Women at Work: Tammy + Char White, Fiber Farmers at Wing and a Prayer

Tammy, tell us about Wing And A Prayer, your farm in Vermont.
We’ve got 20 acres, with about 70 sheep right now (it’s lambing season) as well as 7 alpacas, 3 mini donkeys, 5 angora goats, 1 hog, 4 dogs and 9 cats. Some of our animals are rescues, however we have also bred our sheep and goats over the years, and have many Shetlands and Cormos, Merinos, now Valais Blacknose (aka The World’s Cutest Sheep), and more breeds born here.

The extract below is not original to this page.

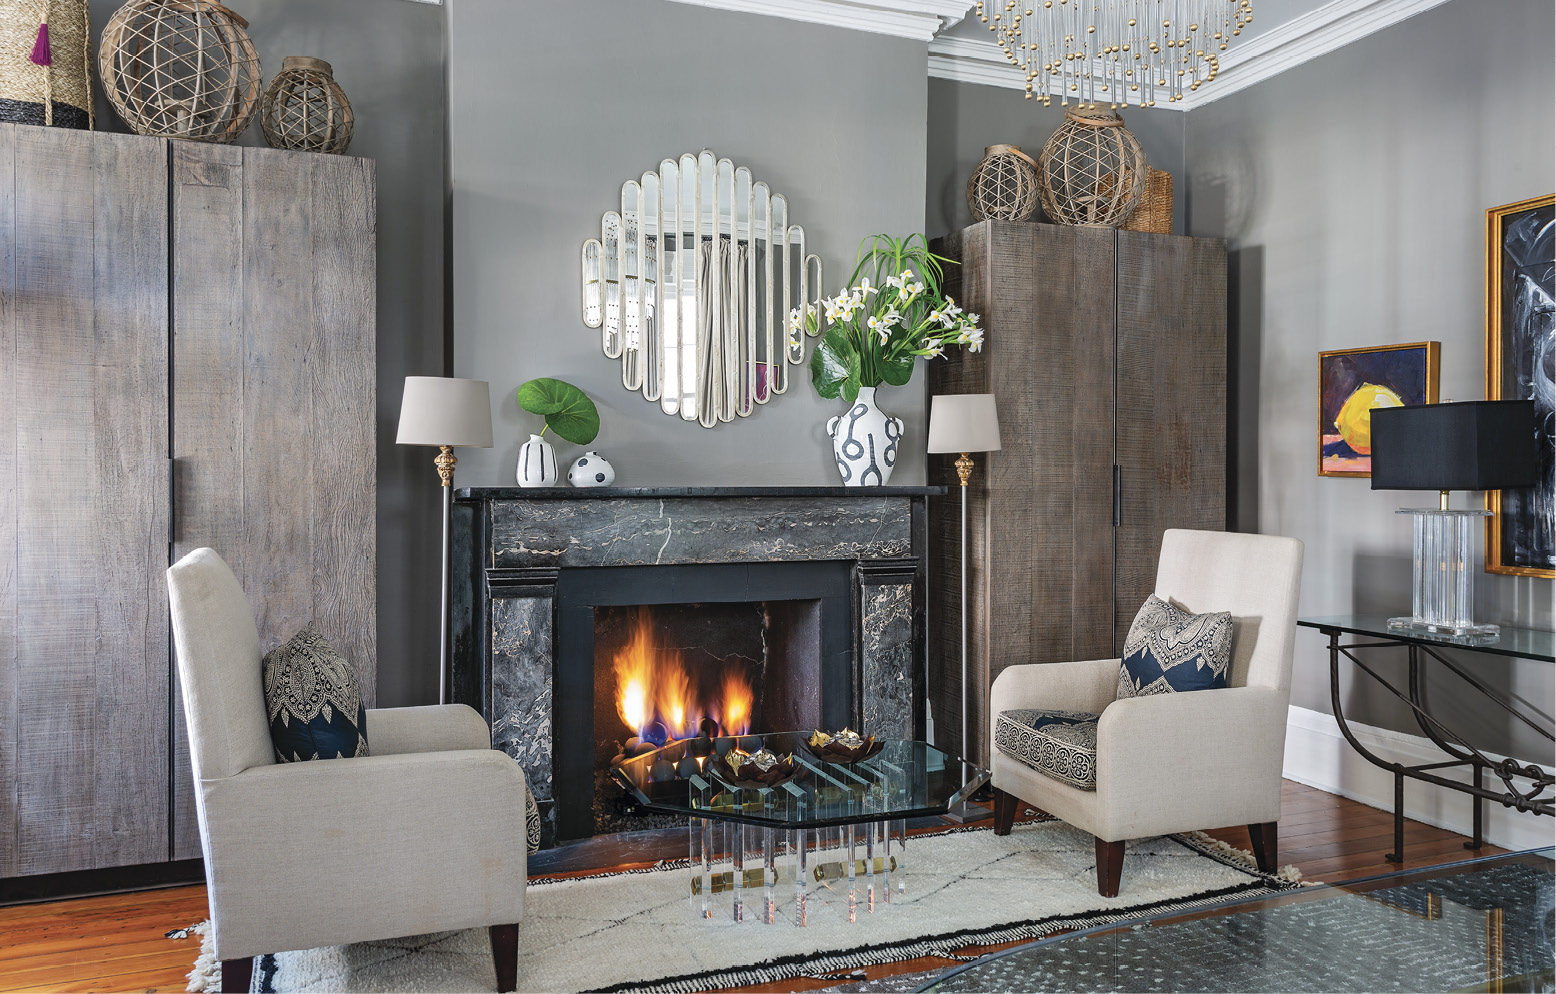 After dinner, the family turns their chairs to enjoy a fireside dessert by the glass and Lucite coffee table (also Patricia Allen Antiques). Restoration Hardware wall cabinets provide ample storage for this multipurpose room.

You describe your farm as a Fiber Farm. What does that mean?
Because we raise our animals for fiber, they are producers year in and year out. Harvesting their fiber happens once or twice a year, depending on the breed, health, etc. that dictates how fast/how much fiber they grow. This type of farming suits us so well and is very sustainable. We are able to raise these animals from birth to natural death and they are part of our family. They also all grow, naturally, a fiber that can be humanely shorn/harvested and then processed and spun into a sustainable thread or yarn. So we’re lovingly raising an animal, a companion, that is part of a cycle of drawing down carbon to clean up the earth’s atmosphere while producing a natural fiber—which we also dye using dyes we make from flowers and vegetables we grow ourselves. My daughter Char is the master of the dyeing and cutting garden.

Char, tell us more about the dye garden.
The dye garden is one of my favorite annual farm projects, and I love the process from start to finish. It can be hit or miss with certain crops, but I feel very accomplished when we get a good indigo harvest, or when the annual and perennial flowers are established enough for cutting. This winter, I started my seedlings in the wood shop of our garage, which has a wood stove in it. I fed the fire a few times a day, keeping the temperature above 50ºF, until mid April. In May I began planting out a lot of the baby plants, especially the madder, which is frost-hardy. Madder is a 2-year root crop, and it’s a very popular color—I need all the time I can get for it to establish roots and foliage before it’s ready to harvest and be turned into dye for yarn.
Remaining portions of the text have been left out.